Exterior insulation and finish system (EIFS) is a general class of non-load bearing building cladding systems that provides exterior walls with an insulated, water-resistant, finished surface in an integrated composite material system.

EIFS has been in use since the 1960s in North America and was first used on masonry buildings. Since the 1990s, the majority of wood-framed buildings have used EIFS.

==History of EIFS==
EIFS was developed in Europe after World War II and was initially used to retrofit masonry walls. EIFS started to be used in North America in the 1960s, at first on commercial masonry buildings. EIFS became popular in the mid-1970s due to the oil embargo and the resultant surge in interest in insulating wall systems that conserve energy used for heating and cooling.

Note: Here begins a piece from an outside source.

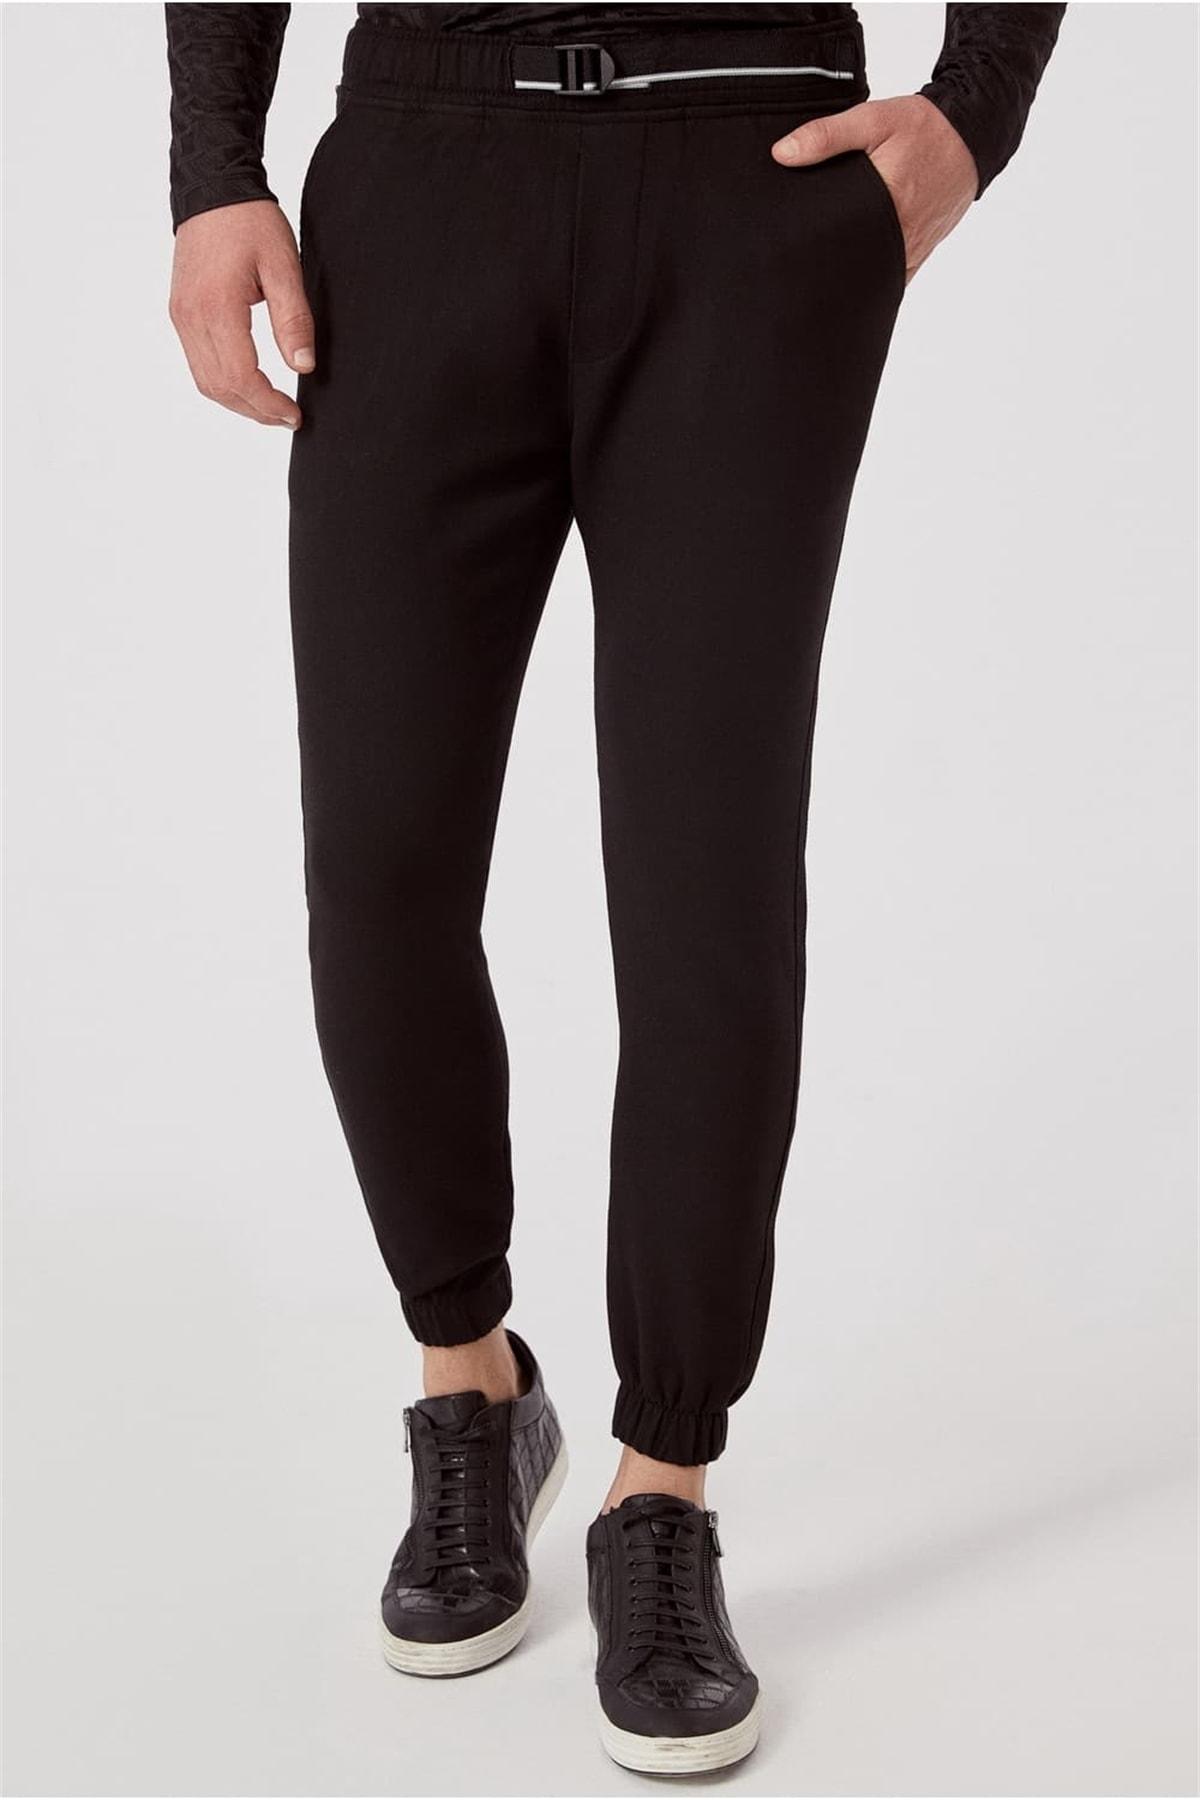 Efor ATP 017 Slim Fit Siyah Spor Pantolon

In the late 1980s problems started developing due to water leakage in EIFS-clad buildings. This led to international controversy and lawsuits. EIFS installation was found to be a contributing factor in the multibillion-dollar problem known as the "Leaky condo crisis" in southwestern British Columbia and the "Leaky homes" issue in New Zealand that emerged separately in the 1980s and 1990s.

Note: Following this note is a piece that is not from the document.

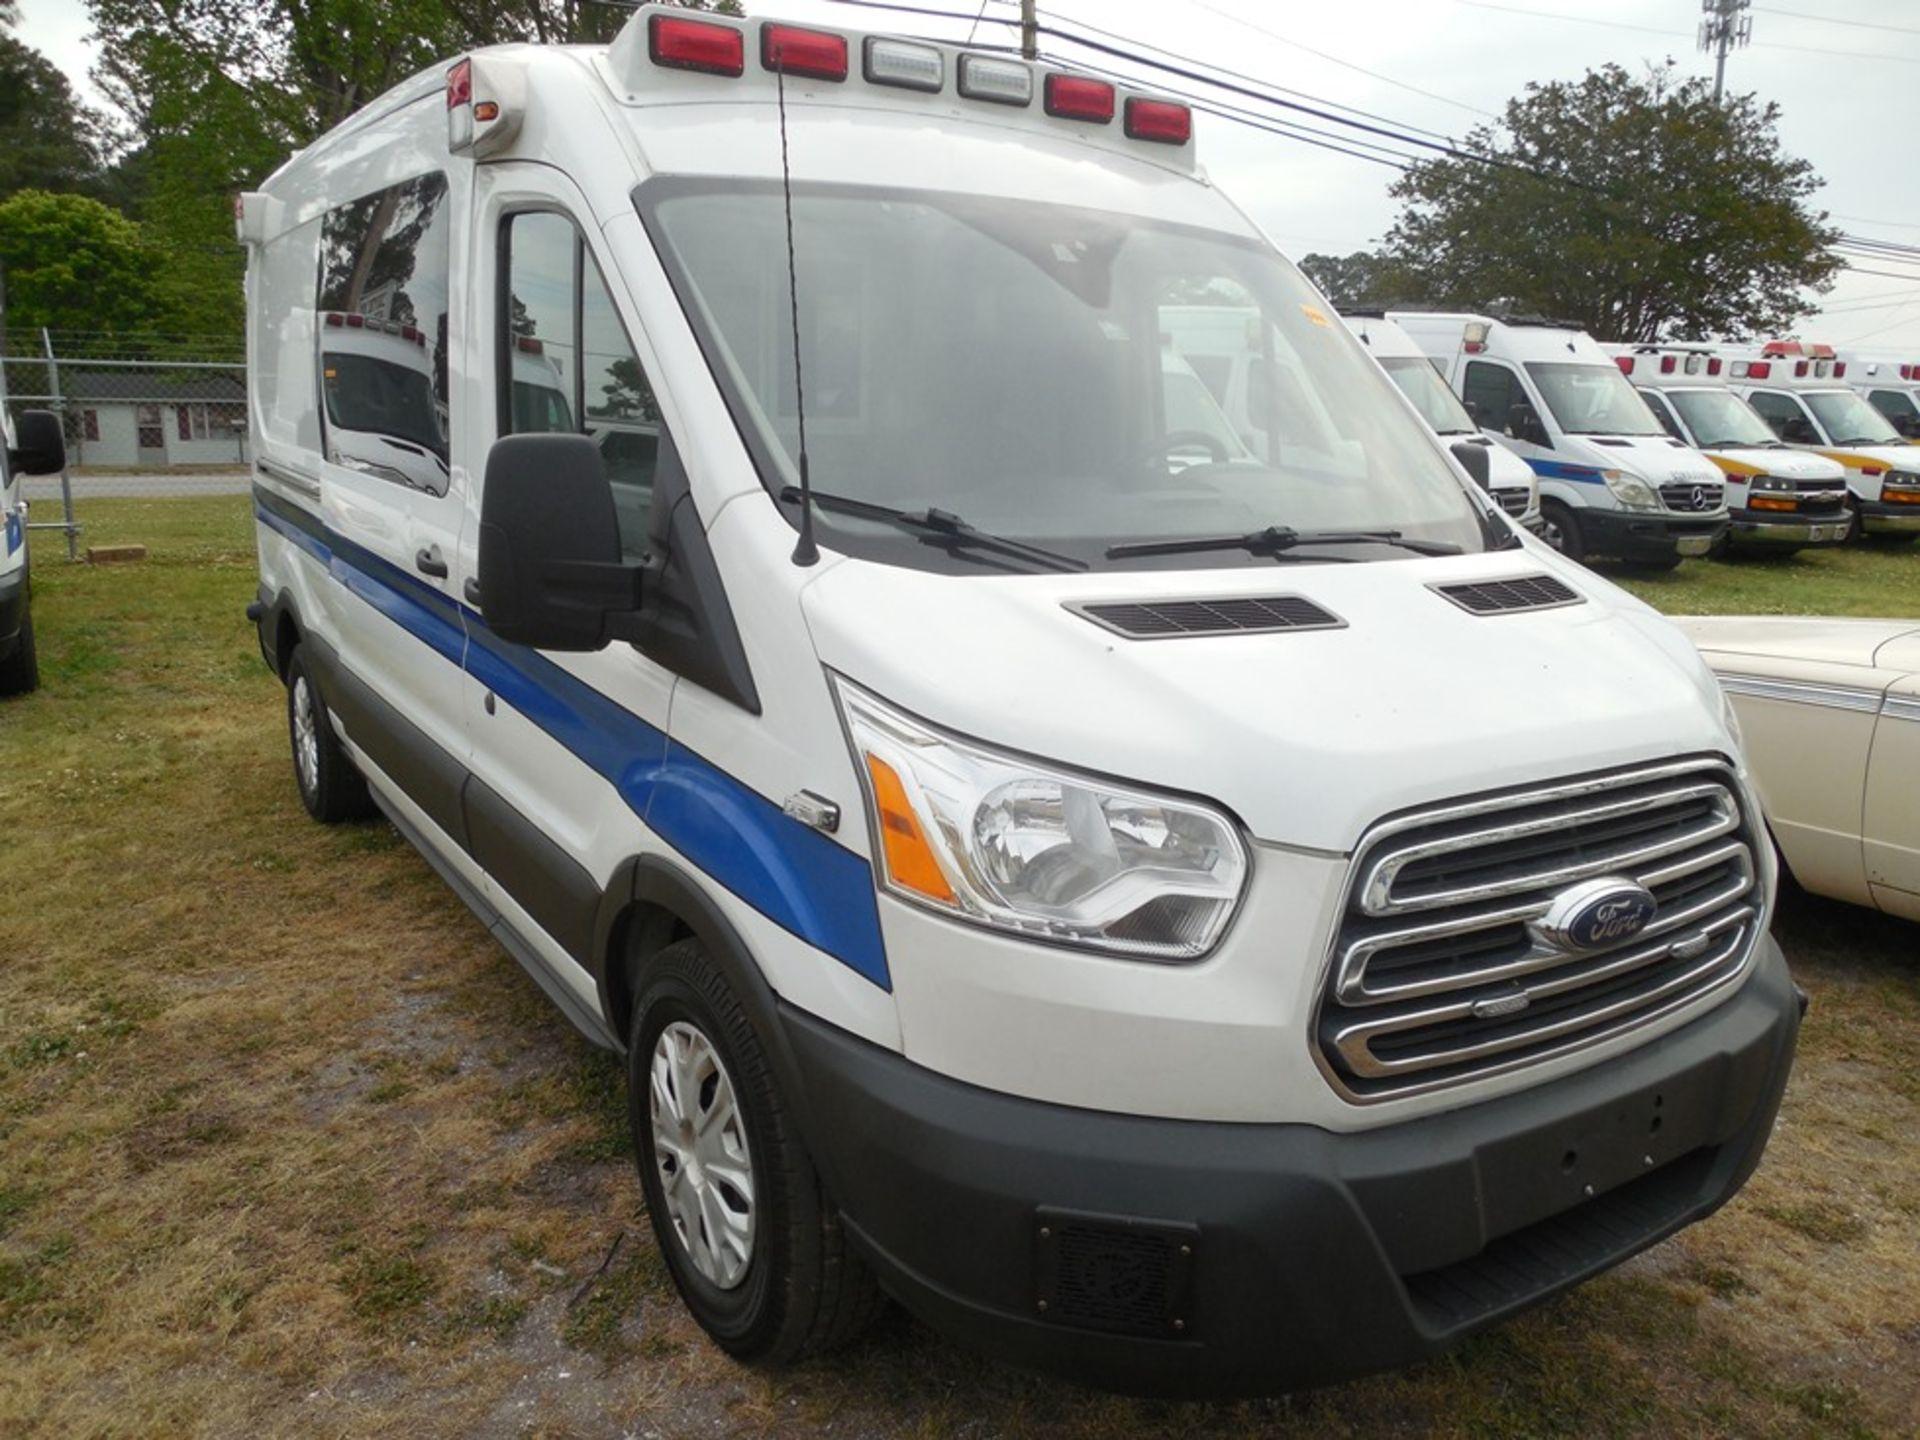 2017 Ford Tansit 250 dsl ambulance 178,503 miles vin# 1FDYR2CV2HKA57713 - Image 3 of 6

Critics argue that, while not inherently more prone to water penetration than other exterior finishes, barrier-type EIFS systems (non-water-managed systems) do not allow water that does penetrate the building to escape. The EIFS industry has consistently maintained that poor craftsmanship and bad architectural detailing at the perimeter of the EIFS was the problem. As a result, building codes began mandating a drainage system for EIFS systems on wood-frame buildings and additional on-site inspection.

Though there are some cases where insurance companies may not offer coverage for EIFS, several companies do. EIFS systems installed at lower building levels are subject to vandalism, as the material is soft and can be chipped or carved resulting in significant damage. In these cases, heavier ounce reinforcing mesh can drastically increase the durability of the EIFS system.

EIFS is now used all over North America, and in other areas around the world, especially in Europe and the Pacific Rim. The use of EIFS over stud-and-sheathing framing instead of over solid walls is a technique used primarily in North America. As of 1997 EIFS accounted for about 4% of the residential siding market and 12% of the commercial siding market.

==Terminology==

In the United States, the International Building Code and ASTM International define Exterior Insulation and Finish System (EIFS) as a non-load-bearing exterior wall cladding system that consists of an insulation board attached either adhesively, mechanically, or both, to the substrate; an integrally reinforced base coat; and a textured protective finish coat.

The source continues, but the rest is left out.